PÉKIN – Ceux qui reprochent à la Chine une politique étrangère trop prudente vont devoir reconsidérer leurs critiques, à l’issue d’un tout récent déplacement du président Xi Jinping en Arabie saoudite et en Iran – deux puissances majeures du Moyen-Orient, aujourd’hui prêtes à se sauter à la gorge. Ces visites d’État témoignent en effet de l’amorce d’une politique étrangère plus active de la part de Xi, et notamment au Moyen-Orient. Cette approche nouvelle soulève ainsi une question importante : la Chine exercera-t-elle sur la région un impact plus constructif que les États-Unis ?

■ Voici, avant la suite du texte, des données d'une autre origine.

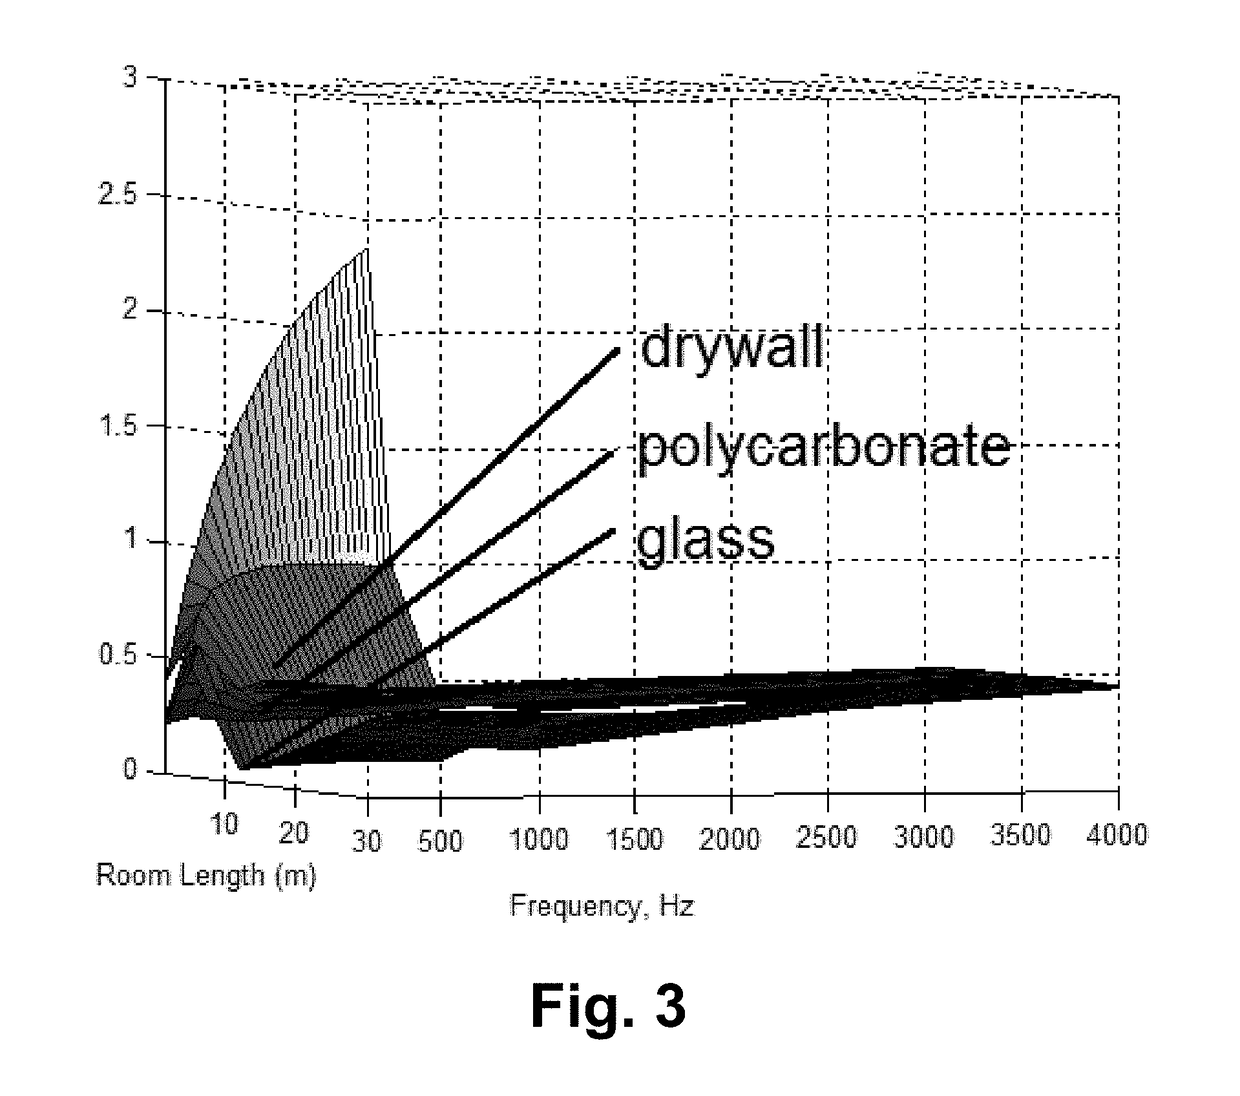 Acoustic wall assembly having double-wall configuration and passive noise-disruptive properties, and/or method of making and/or using the same

Cette nouvelle implication s’opère de toute évidence à une période extrêmement tendue au Moyen-Orient, à l’heure où la région subit les premières heures d’une nouvelle guerre de Trente Ans, comme l’a affirmé Richard N. Haass, dans laquelle « guerres civiles et conflits par procuration deviennent impossibles à distinguer. » L’un des principaux facteurs à l’origine du chaos actuel – qui illustre la convergence de nombreux conflits et défis profondément ancrés – a résidé dans l’invasion de l’Irak par l’Amérique en 2003. En éliminant le régime sunnite de Saddam Hussein, les États-Unis ont en effet ouvert la voie à un gouvernement conduit par les chiites, évolution qui a fait pencher l’équilibre régional des puissances en faveur de l’Iran, aboutissant à une situation dans laquelle une Arabie saoudite à gouvernance sunnite éprouve le sentiment d’être assiégée par une coalition chiite.

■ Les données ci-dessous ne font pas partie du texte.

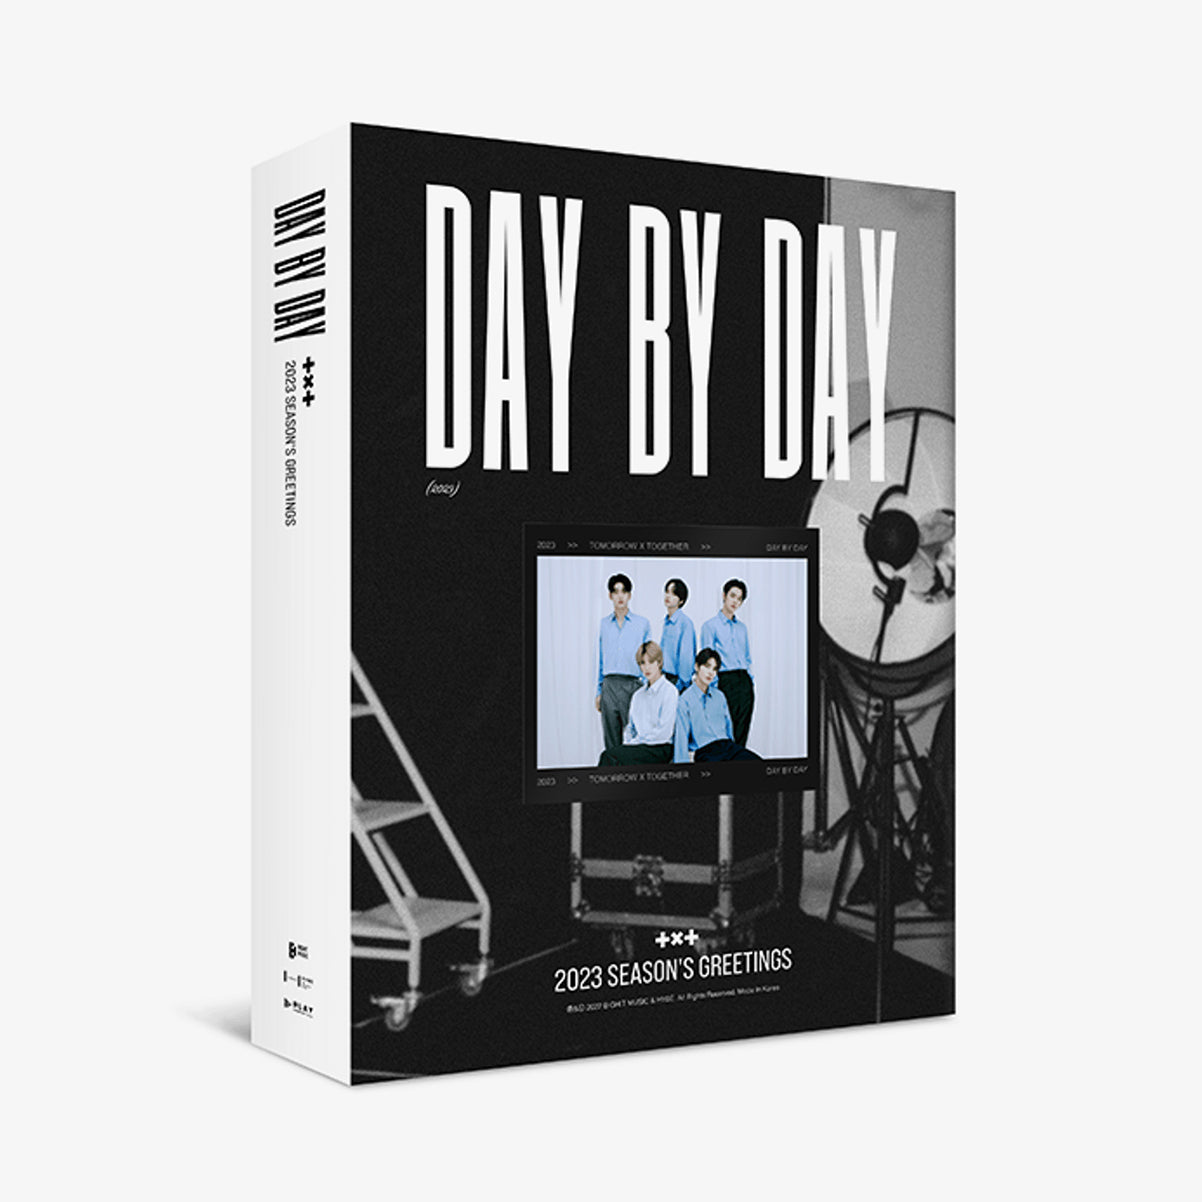 TOMORROW X TOGETHER (TXT) 2023 SEASON'S GREETINGS 'DAY BY DAY' cover

Ceci explique pourquoi l’Iran et l’Arabie saoudite s’impliquent aussi profondément dans la guerre civile syrienne. Chacun des camps a conscience que le sort du régime alaouite du président Bachar el-Assad aura d’importantes retombées sur l’ordre régional. Aux yeux de l’Arabie saoudite, la nécessité de contenir l’Iran se fait d’autant plus importante au lendemain du récent accord conclu autour du programme nucléaire du pays, qui a abouti à la levée de sanctions économiques internationales longtemps constitutives d’obstacle aux ambitions de l’Iran en termes de leadership régional.

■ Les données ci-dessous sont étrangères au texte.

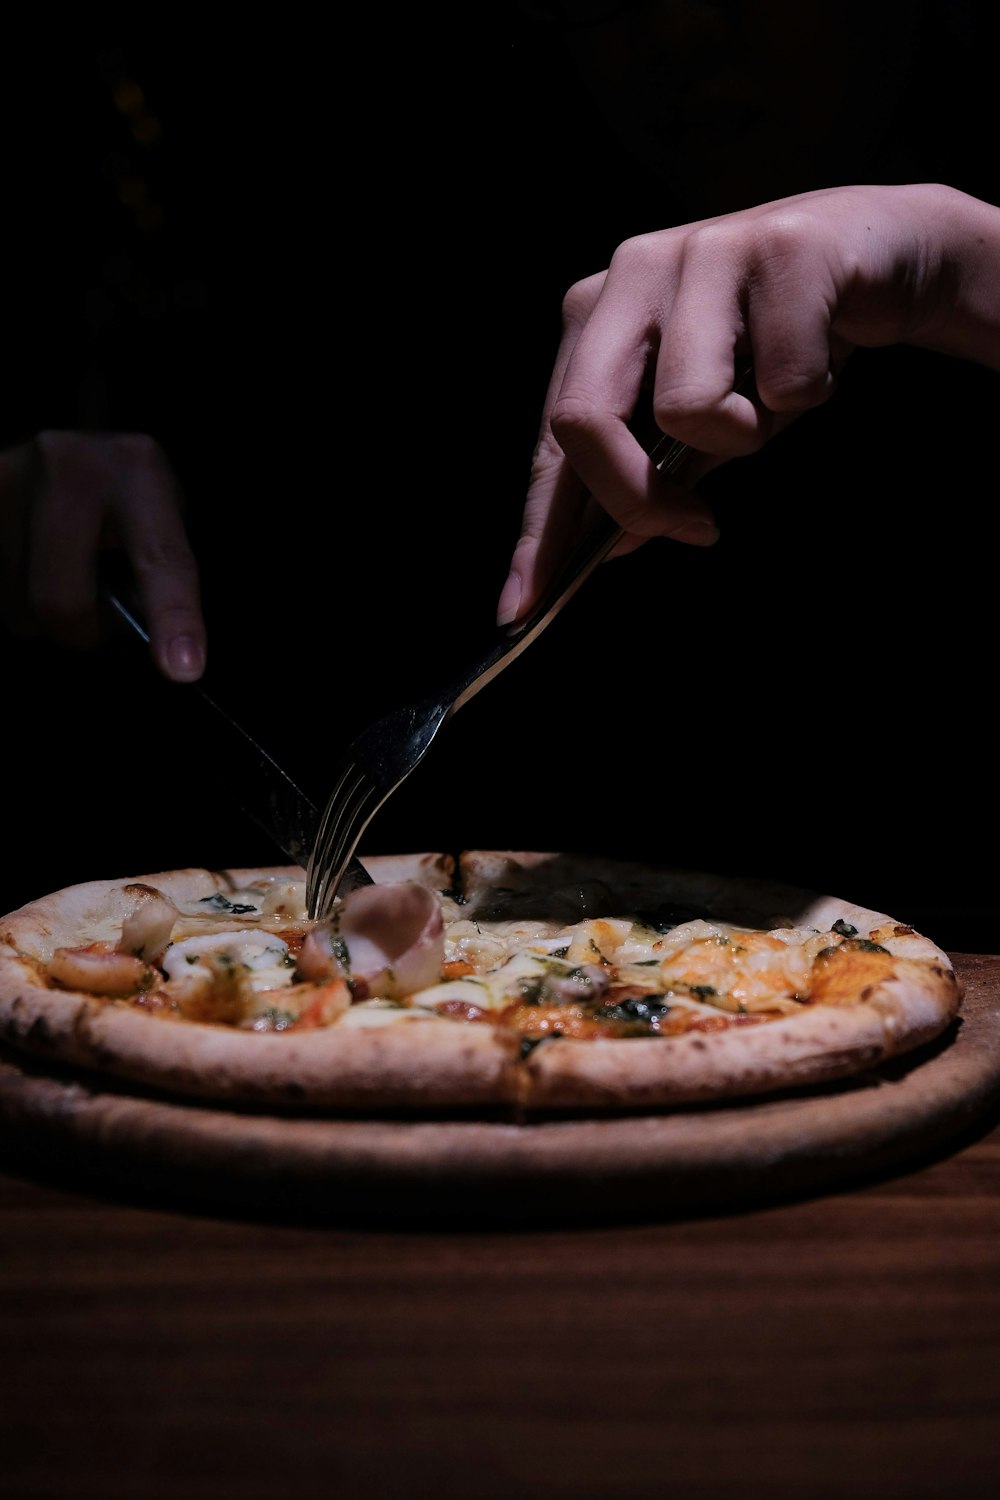 person holding stainless steel fork and knife slicing pizza

Bien entendu, ni l’Arabie saoudite ni l’Iran – ni la Turquie, qui a elle aussi rejoint la compétition pour l’influence régionale – ne souhaitent prendre part à une confrontation directe. Ces pays préfèrent appuyer d’autres acteurs, même si cela doit signifier attiser une dangereuse radicalisation religieuse ainsi qu’une privatisation de la violence. Les mouvements terroristes nés de cette approche – et plus précisément l’État islamique – ne pourront être vaincus via le recours à des opérations de contre-terrorisme traditionnelles.